Dopo l’asta, sul mercato secondario i rendimenti dei decennali si sono adeguati e sono saliti al 3,21%, per un differenziale col bund tedesco di 285 punti base in chiusura di giornata. Domani Fitch potrebbe poi rivedere il rating dell’Italia e, come anticipa Repubblica oggi in edicola, le considerazioni dell’agenzia sul debito pubblico non sono ottimistiche. Il rischio numero uno è che la rincorsa alle promesse elettorali faccia deragliare i conti pubblici: “È aumentata la possibilità che si perdano di vista gli obiettivi di finanza pubblica e si è ulteriormente indebolita la prospettiva di riforme strutturali, il rischio principale è che l’espansione fiscale faccia saltare le dinamiche del debito”, dicono gli esperti.

Rep

L’euro chiude in calo sotto quota 1,17 dollari. La moneta unica passa di mano a 1,1658 dollari e a 129,86 yen. Dollaro/yen a 111,39.

Quanto ai mercati finanziari, prevale la debolezza suggerita anche dalle vicissitudini di Argentina e Turchia. Milano termina la seduta sui minimi e perde l’1,28%: alla fine cede anche Atlantia, che in mattinava rimbalzava. Buone notizie invece per l’Eni, il cui rating è stato alzato da S&P ad A-. Londra segna un passivo dello 0,62%, Francoforte dello 0,54% e Parigi dello 0,42%. Shanghai ha chiuso in calo di oltre l’1%. Wall Street, reduce dalla quarta seduta record di fila, tira il fiato e tratta in rosso: alla chiusura dei mercati europei il Dow Jones perde lo 0,44%, lo S&P500 lo 0,3% e il Nasdaq lo 0,14%. Gli investitori hanno risentito anche delle parole di accusa che Donald Trump ha lancianto verso la Cina, rea a suo dire di minare i rapporti tra Usa e Corea del Nord per il disarmo nucleare. Sullo sfondo ci sarebbe la disputa sul fronte commerciale tra Washington e Pechino, ma gli osservatori lo prendono come un segnale di rinnovata tensione. Tokyo ha segnato una chiusura piatta con un guadagno limitato allo 0,09%. Si tratta comunque dell’ottava seduta di fila della piazza asiatica con segno positivo.
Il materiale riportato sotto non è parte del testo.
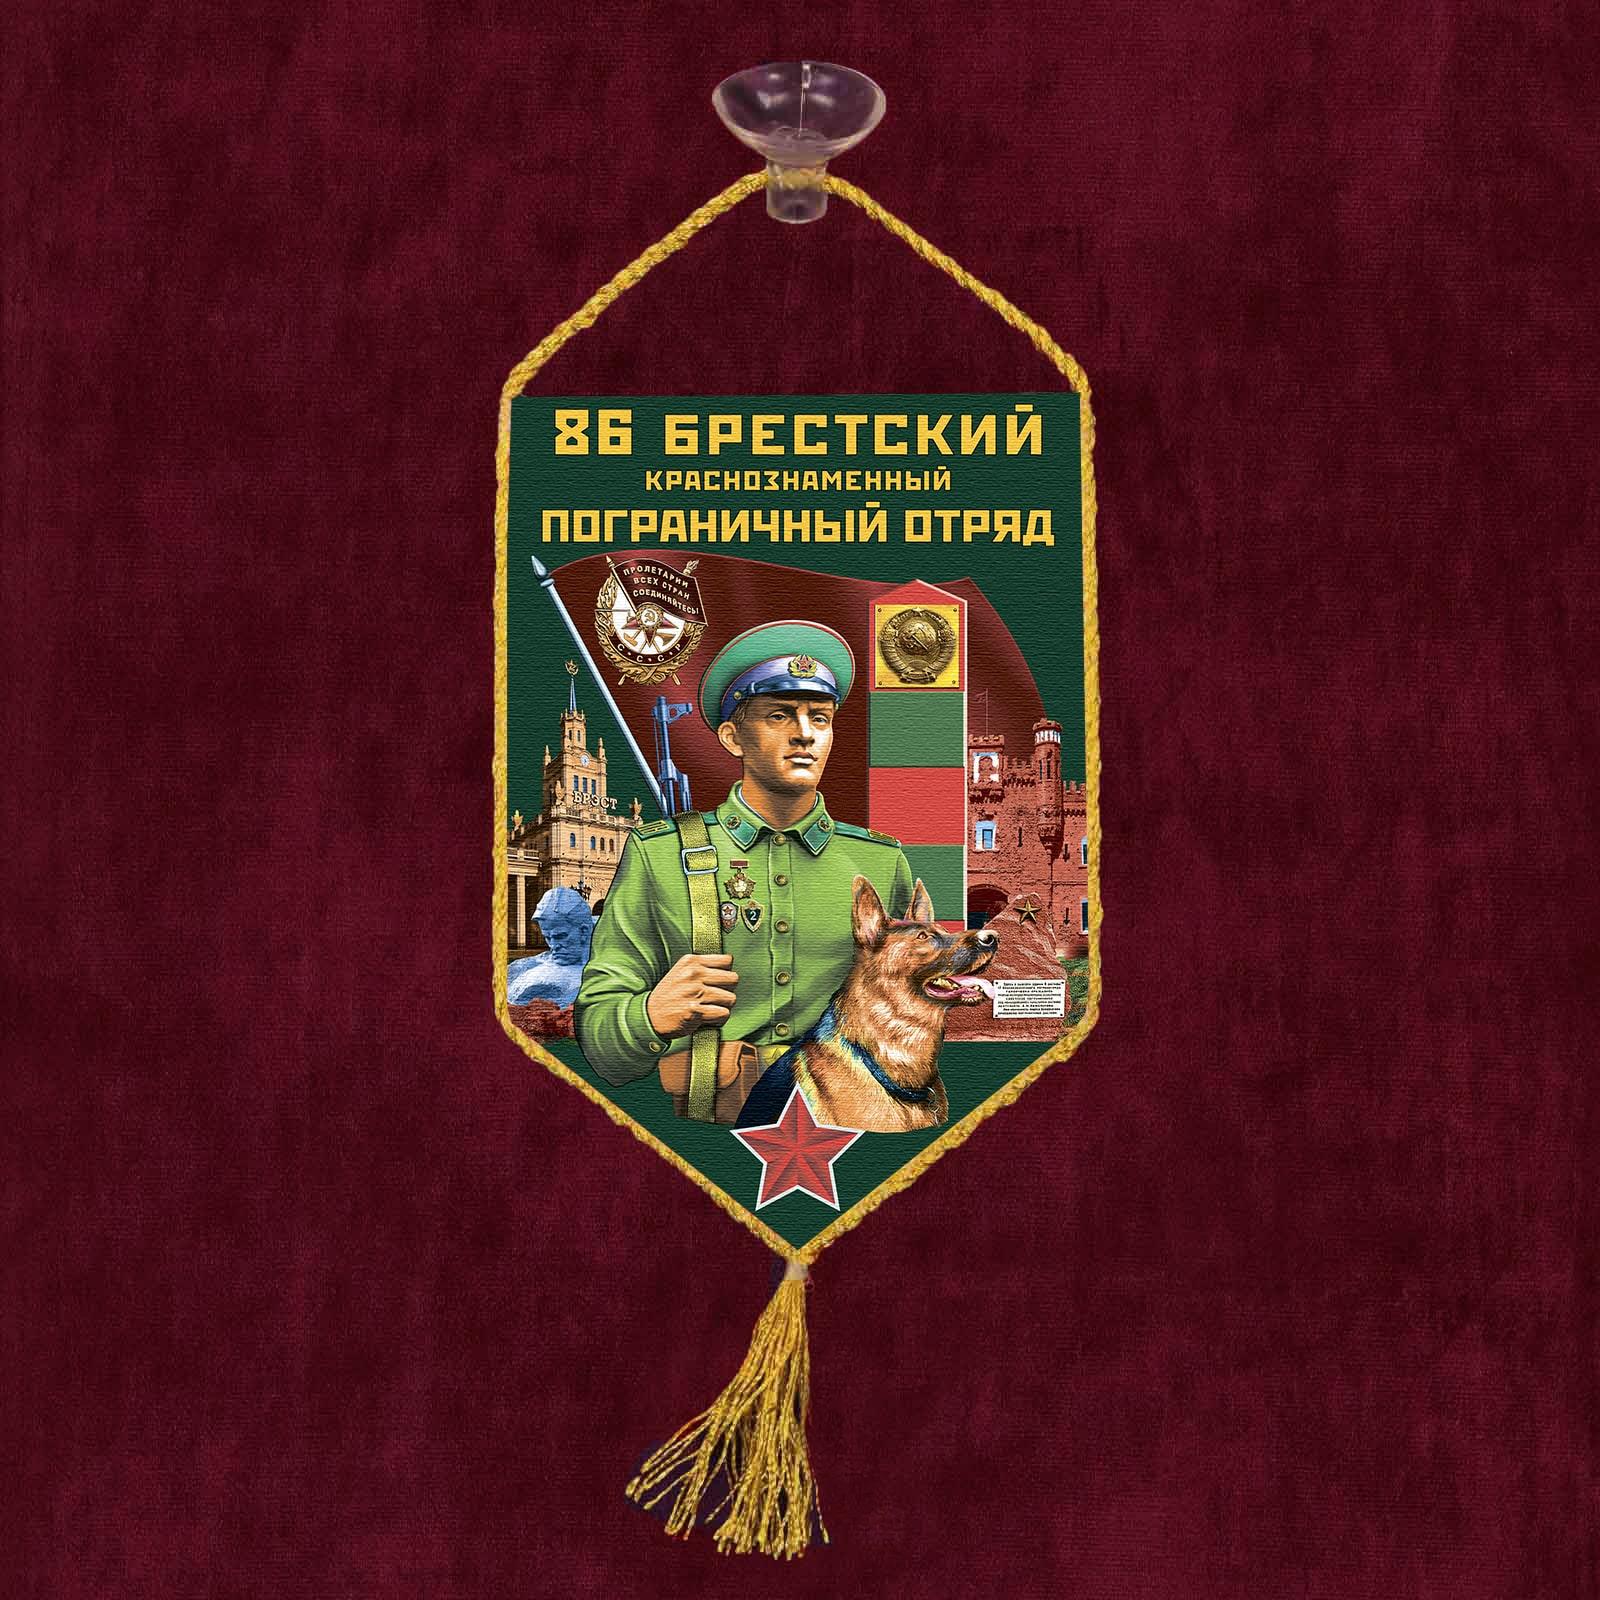 """Автомобильный вымпел """"86 Брестский пограничный отряд"""""""

A livello internazionale si torna a guardare con preoccupazione all’Argentina, dove il peso ha toccato un nuovo minimo record contro il dollaro dopo che il presidente Mauricio Macri ha chiesto all’Fmi di accelerare l’esborso di finanziamenti previsti nel bailout da 50 miliardi di dollari siglato a giugno. Il peso è arrivato a cedere l’11% contro il dollaro, che ne compra quasi 38 unità. Il rendimento del bond decennale argentino è balzato di 40 punti base sopra il 10%. La direttrice del Fondo, Christine Lagarde, ha assicurato che la tempistica d’intervento sarà rivista: “Ho fiducia nell’impegno e nella determinazione delle autorità argentine”, che sarà essenziale per traghettare l’economia “in queste difficili circostanze” e che alla fine “rafforzerà però l’economia” del paese. La Banca centrale ha adottato una misura drastica alzando del 15% i tassi ufficiali, al 60%. Soltanto 17 giorni fa l’istituto si era impegnato a tenere i tassi fermi fino almeno ad ottobre. Intanto il presidente Usa, Donald Trump, ha siglato le esenzioni dai dazi su alluminio e acciaio per la stessa Argentina, insieme a Corea del Sud e Brasile. L’insieme delle notizie affossa Tenaris in Borsa, una delle società italiane maggiormente esposte al mercato sudamericano. Alle notizie sull’Argentina si aggiungono quelle sulla Turchia, con la lira che amplia i suoi cali su voci secondo cui il vice governatore della Banca centrale se ne andrà; ciò non fa che alimentare i timori per la mancanza di indipendenza dell’istituto.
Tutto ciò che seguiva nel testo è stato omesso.